Aura signed a deal with Acclaim to promote Mortal Kombat II. In addition to inclusion in Aura's $5,000,000 advertising campaign, Acclaim put Interactor cards in the Mortal Kombat II game boxes and Aura packed Acclaim information in its Interactor packaging. Also as part of the deal, Acclaim programmed special audio cues into the game code which would trigger responses from the Interactor.

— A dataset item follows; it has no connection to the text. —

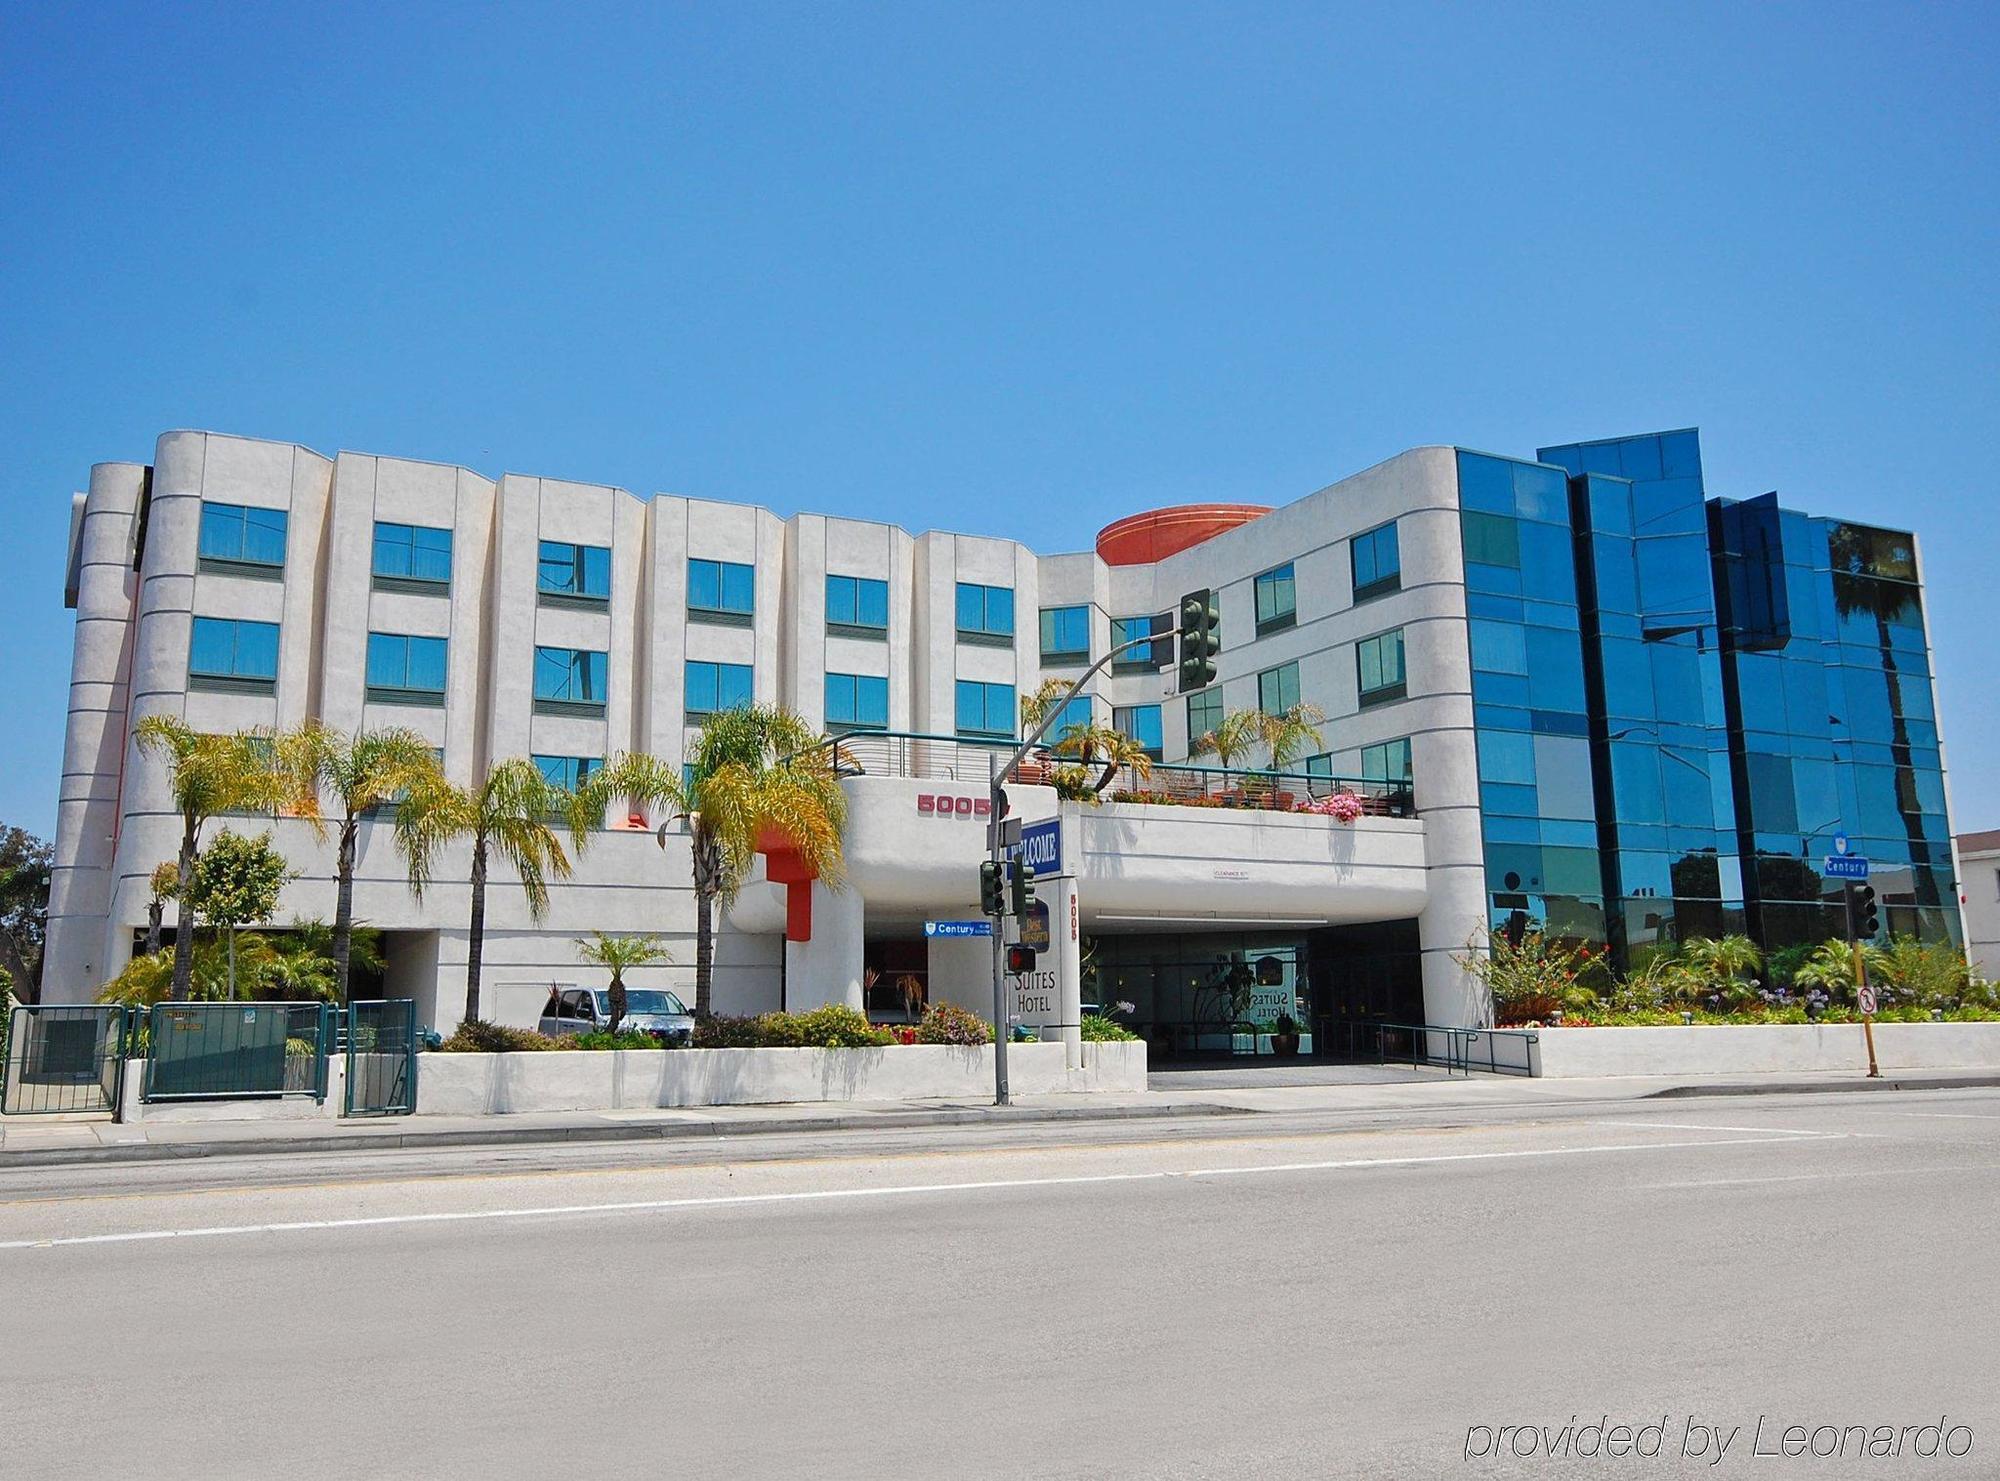 Best Western Plus Suites Hotel - Los Angeles Lax Airport Inglewood Buitenkant foto

Aura also signed a deal with Williams Entertainment to do "strategic marketing" in relation to Williams's releases, Double Dragon V: The Shadow Falls and Troy Aikman NFL Football. Aura and Williams swapped the same kind of promotional opportunities that Aura and Acclaim did.

==Reception==
The Interactor received an "Innovation 94" Design and Engineering Award from the Electronics Industry Association. Electronic Gaming Monthly commented, "For $100, the Interactor is a good value. It provides economy-sized virtual reality in a small package." GamePro stated, "If droppin' a C-note is no bother to you, the Aura Interactor serves its purpose." The device was found to work well with VR i-Glasses plugged in.